Let’s Encrypt is a Certificate Authority (CA) that facilitates obtaining and installing free TLS/SSL certificates, thereby enabling encrypted HTTPS on web servers. It streamlines the process by providing a software client, Certbot, that attempts to automate most (if not all) of the required steps. Currently, the entire process of obtaining and installing a certificate is fully automated on both Apache and Nginx.

In this guide, you’ll use Certbot to obtain a free SSL certificate for Apache on Ubuntu 22.04, and make sure this certificate is set up to renew automatically.

This tutorial uses a separate virtual host file instead of Apache’s default configuration file for setting up the website that will be secured by Let’s Encrypt. We recommend creating new Apache virtual host files for each domain hosted in a server because it helps to avoid common mistakes and maintains the default configuration files as a fallback setup.

Prerequisites

To follow this tutorial, you will need:

  • One Ubuntu 22.04 server set up with a non-root user with sudo administrative privileges and firewall enabled. You can set this up by following our initial server setup for Ubuntu 22.04 tutorial.

  • A fully registered domain name. This tutorial will use your_domain as an example throughout. You can purchase a domain name on Namecheap, get one for free on Freenom, or use the domain registrar of your choice.

  • Both of the following DNS records set up for your server. You can follow this introduction to DigitalOcean DNS for details on how to add them.

    • An A record with your_domain pointing to your server’s public IP address.
    • An A record with www.your_domain pointing to your server’s public IP address.
  • Apache installed by following How To Install Apache on Ubuntu 22.04. Be sure that you have a virtual host file for your domain. This tutorial will use /etc/apache2/sites-available/your_domain.conf as an example.

Step 1 — Installing Certbot

To obtain an SSL certificate with Let’s Encrypt, you need to install the Certbot software on your server. You’ll use the default Ubuntu package repositories for that.

First, update the local package index:

  1. sudo apt update

You need two packages: certbot, and python3-certbot-apache. The latter is a plugin that integrates Certbot with Apache, making it possible to automate obtaining a certificate and configuring HTTPS within your web server with a single command:

  1. sudo apt install certbot python3-certbot-apache

You will be prompted to confirm the installation by pressing Y, then ENTER.

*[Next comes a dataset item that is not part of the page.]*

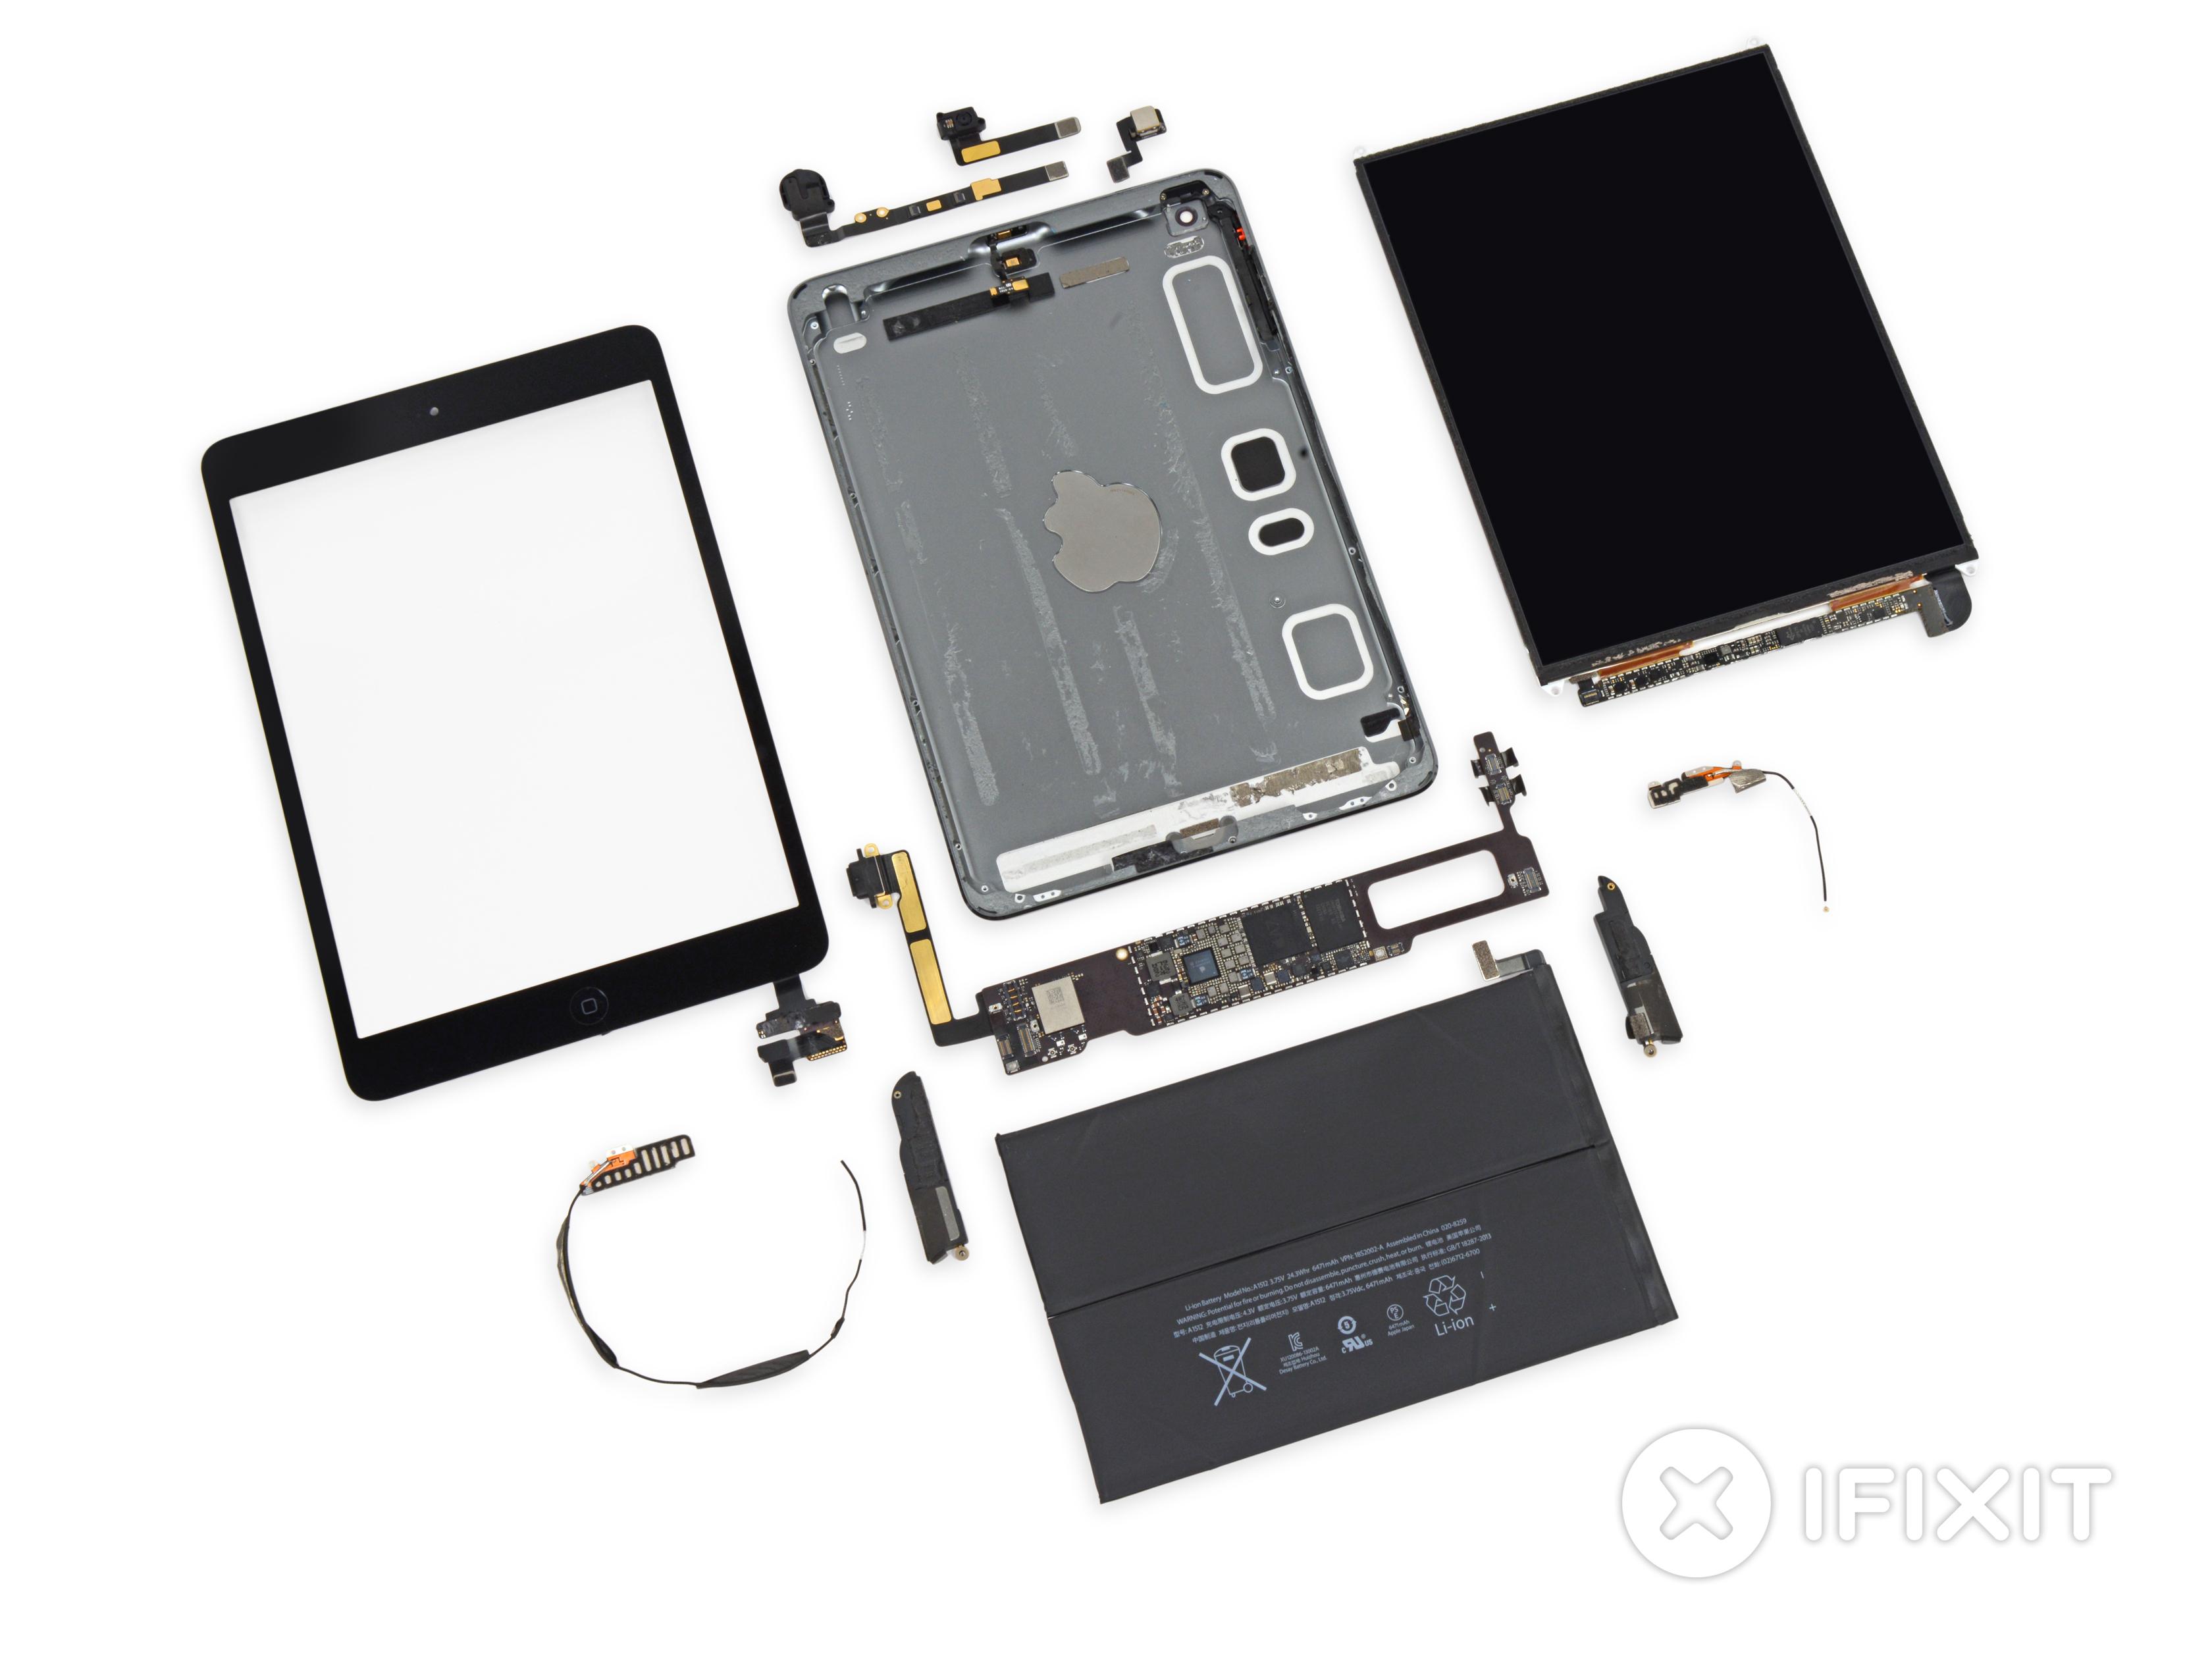 Ipad Mini 2 Teardown Ifixit Camera Wiring Diagram

Certbot is now installed on your server. In the next step, you’ll verify Apache’s configuration to make sure your virtual host is set appropriately. This will ensure that the certbot client script will be able to detect your domains and reconfigure your web server to use your newly generated SSL certificate automatically.

Step 2 — Checking your Apache Virtual Host Configuration

To automatically obtain and configure SSL for your web server, Certbot needs to find the correct virtual host within your Apache configuration files. Your server domain name(s) will be retrieved from the ServerName and ServerAlias directives defined within your VirtualHost configuration block.

If you followed the virtual host setup step in the Apache installation tutorial, you should have a VirtualHost block set up for your domain at /etc/apache2/sites-available/your_domain.conf with the ServerName and also the ServerAlias directives already set appropriately.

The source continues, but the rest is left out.